Indigenous and Northern Affairs Canada press release:
Government of Canada names commissioners for national inquiry into missing and murdered indigenous women and girls
Canada is committed to real reconciliation with Indigenous peoples, and the National Inquiry into Missing and Murdered Indigenous Women and Girls is an important step on this path to end the unacceptable rates of violence against Indigenous women and girls.
Today, Carolyn Bennett, Minister of Indigenous and Northern Affairs, along with Jody Wilson-Raybould, Minister of Justice and Attorney General of Canada, Patty Hajdu, Minister of Status of Women, announced the five commissioners who will lead the Inquiry as well as the Terms of Reference for the National Inquiry.
Canada is grateful to the survivors, families, loved ones and grassroots women's organizations, front-line, feminist Indigenous organizations, national Indigenous organizations, as well as well as provinces and territories, and experts who provided input during the pre-inquiry process. The input received through the 18 sessions and the online survey helped shape the Inquiry that the Commissioners will now be leading.
The Commissioners have the background, characteristics and experience we heard was necessary in the pre-inquiry design phase to lead this Inquiry.
The Commissioners are:
The Honourable Marion Buller, Chief Commissioner
Michèle Audette, Commissioner
Qajaq Robinson, Commissioner
Marilyn Poitras, Commissioner
Brian Eyolfson, Commissioner
The Terms of Reference for the Inquiry were also released today.

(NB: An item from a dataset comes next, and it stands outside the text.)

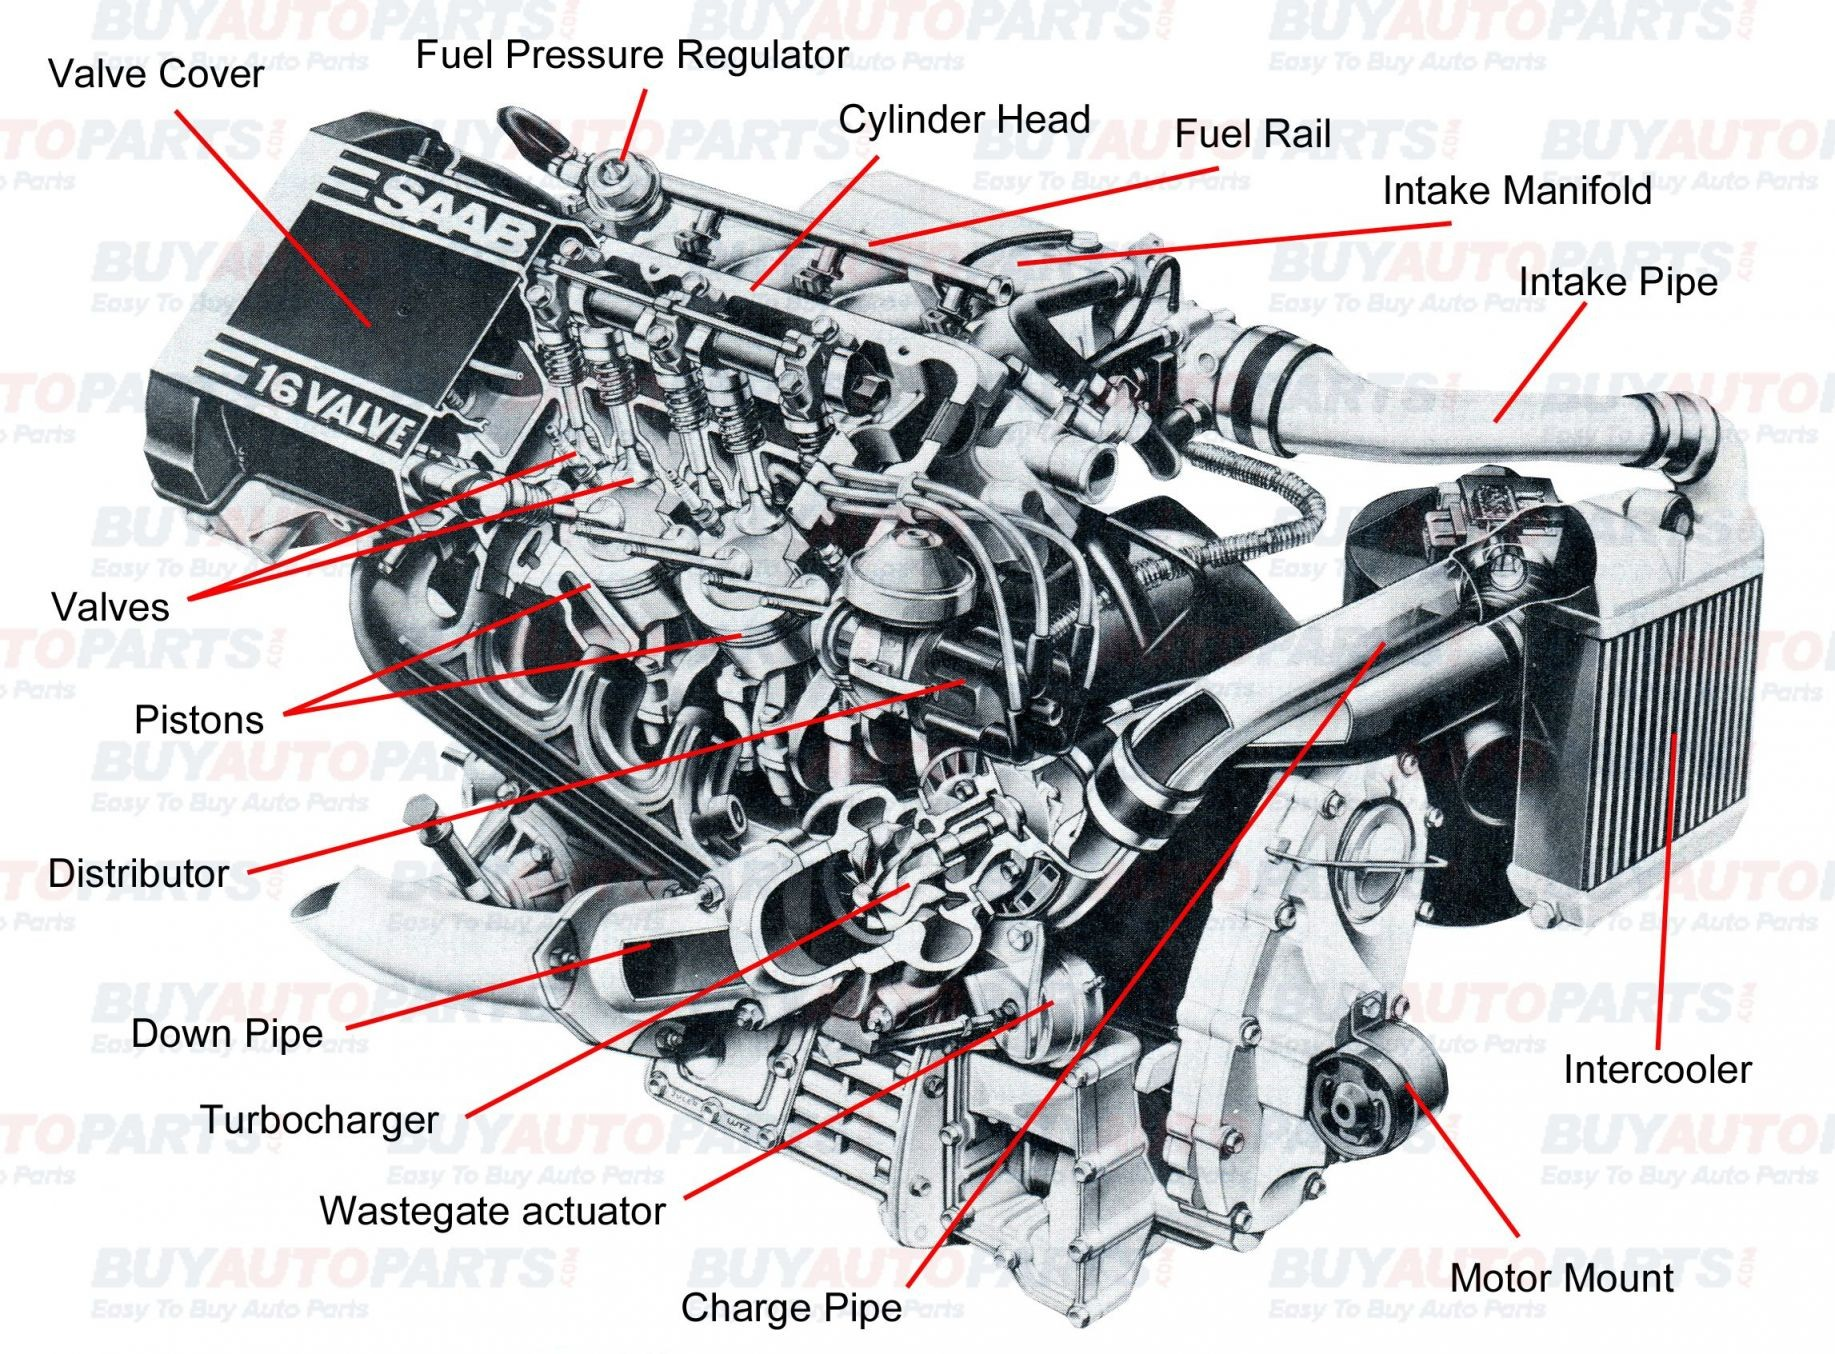 Ion Engine Diagram Unique Internal Parts A Car Et65 – Documentaries for Change Of Ion Engine Diagram

The National Inquiry will be funded by the Government of Canada, with the participation and full co-operation of all the provinces and territories. Together, the federal, provincial and territorial governments have ensured the Inquiry has the necessary mandate and tools to help bring this national tragedy to an end.
In response to the pre-inquiry recommendations, the Government also announced today $16.17 million over four years for the creation of Family Information Liaison Units in each province and territory and to increase Victims Services funding to provide culturally-appropriate victims services for families of Missing and Murdered Indigenous Women and Girls and survivors of violence. The Family Information Liaison Units will provide centralized, dedicated resources for families of missing or murdered Indigenous women and girls and gather the information families are seeking on their behalf. These services will be provided in a respectful and co-ordinated manner during the Inquiry.
"For over a decade, the families of missing and murdered Indigenous women and girls have been demanding action. Today, after meaningful engagement with the families, experts and those with lived experience, I am proud that the Prime Minister, with the support of all provinces and territories, has appointed five outstanding Commissioners who will now be able to do the work needed for Canada to put in place the concrete actions necessary to put an end to this national tragedy." - The Honourable Carolyn Bennett, M.D., P.C., M.P. Minister of Indigenous and Northern Affairs
"The launch of the Inquiry represents a concrete expression of the government's commitment to honouring the lives of missing and murdered Indigenous women and girls. By examining the root causes that have contributed to this national tragedy, including past and present systemic and institutional barriers, the Commission of Inquiry will play a pivotal role in helping all of us to define where best to continue to act to protect the human rights of all Indigenous women and girls in Canada." - The Honourable Jody Wilson-Raybould, P.C., Q.C., M.P. Minister of Justice and Attorney General of Canada
"This team will bring a depth and mix of personal, academic and professional experiences to the task of listening, documenting and seeking to bring to light the systemic causes of violence against Indigenous women and girls in Canada and to make recommendations for effective action." - The Honourable Patty Hajdu, P.C., M.P. Minister of Status of WomenQuick facts:
- Government of Canada launched the Inquiry on December 8, 2015, which was followed by a three month pre-inquiry engagement process.
- During these three months, 18 face-to-face sessions were held from coast-to-coast-to-coast, with over 2,000 participants and over 4,100 online submissions.
- On February 26, 2016, at the National Roundtable on Missing and Murdered Indigenous Women and Girls, the federal, provincial and territorial governments agreed to participation and full cooperation in a National Inquiry.
- The Government published the results of this engagement on May 31, 2016.
- The Government committed $53.86 million over 2 years (2016/17- 2017/18) to establish an Inquiry which will make recommendations on concrete actions to address and prevent violence against Indigenous women and girls, including systemic and societal discrimination.